Si tratta quindi di una novità di estrema rilevanza per questo settore, il cui impatto sarà verosimilmente molto importante. Ma possiamo per questo ritenere superate le perplessità che avevamo rappresentato in precedenza[1] sulle criptovalute come possibile asset su cui investire?

Sicuramente no, perché avevamo detto che per avere almeno una minima sicurezza su questo strumento sarebbe stato necessario che le banche centrali iniziassero a emettere e a esercitare gli usuali controlli su questo tipo di valuta, che avrebbe potuto così avere corso legale ed essere pertanto utilizzata come forma di pagamento riconosciuta ed accettata. Siamo ancora evidentemente lontani da questo punto, ma non va sottovalutata la possibilità di acquisire ora strumenti emessi da tutti i principali gestori del mondo (a cominciare da Black Rock, la prima casa di investimento del mondo con una massa gestita di oltre 10.000 miliardi di dollari), soggetti a loro volta vigilati dalle autorità di supervisione dei mercati.

.rischio

Una situazione ben diversa rispetto a quella in cui si sottoscrivevano criptovalute attraverso soggetti non conosciuti, situati nei più improbabili paradisi fiscali del mondo, col rischio di non ritrovarle più su Internet senza sapere a chi rivolgersi.

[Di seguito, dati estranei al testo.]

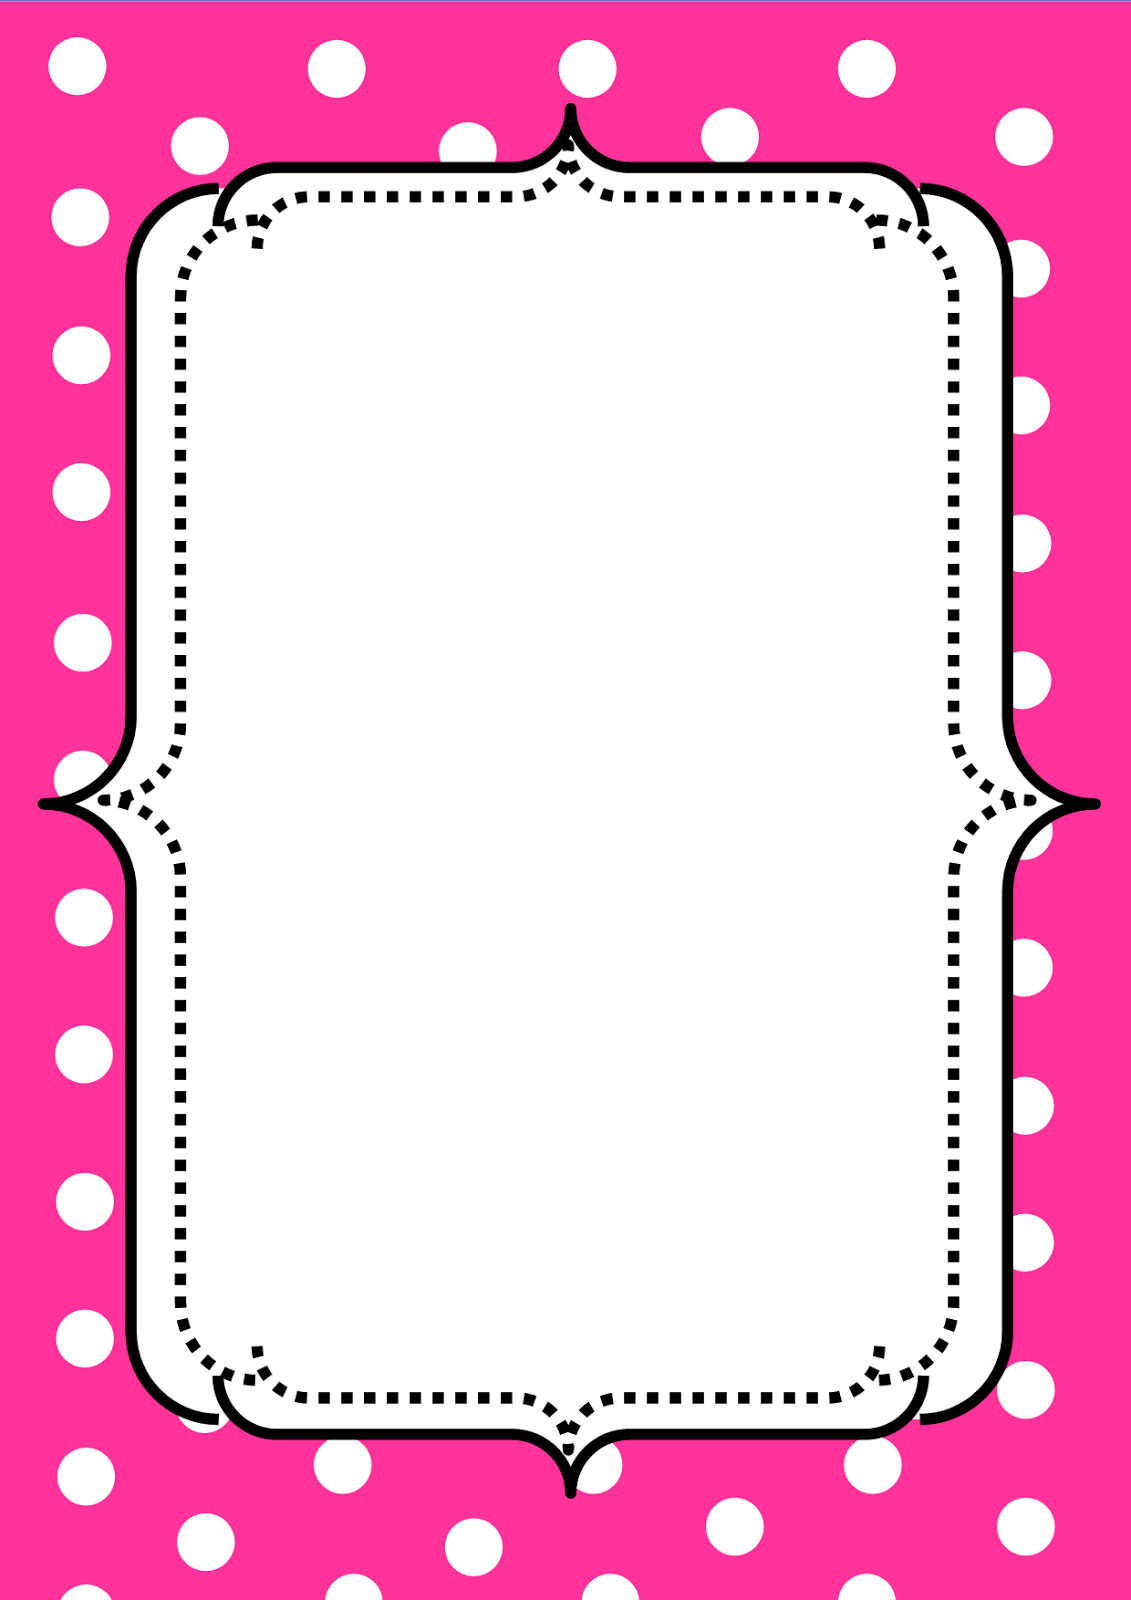 free baby clipart borders frames - photo #45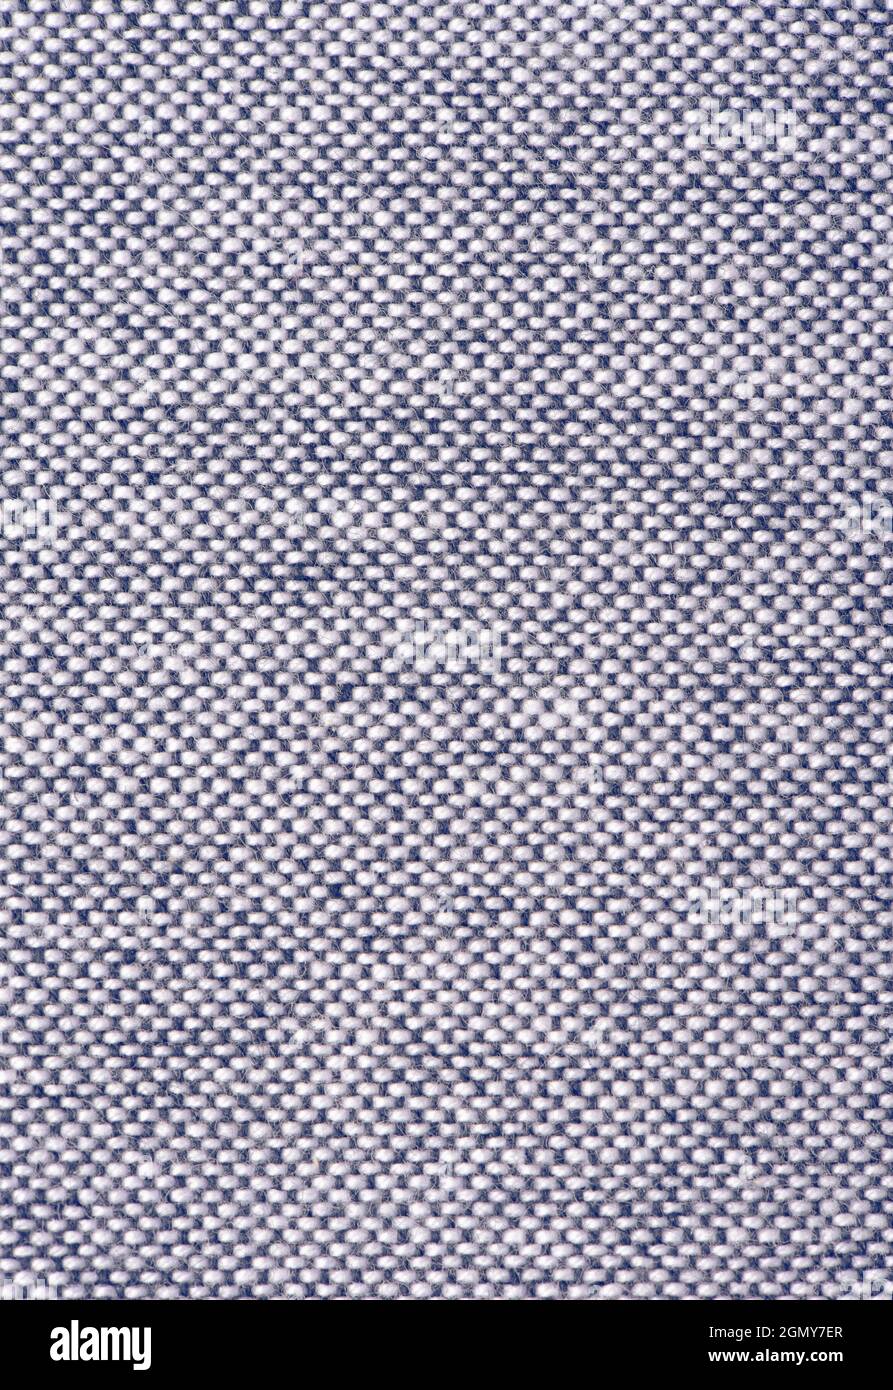 Front view of cotton white and blue fabric texture Stock Photo

In conclusione, restiamo molto scettici sulla bontà del Bitcoin o di altri strumenti analoghi come forme di investimento, ma ora chi proprio volesse partecipare al prevedibile incremento di questo mercato nel 2024, potrebbe valutare l’impiego di una (auspicabilmente contenuta) parte del proprio patrimonio in questi nuovi ETF.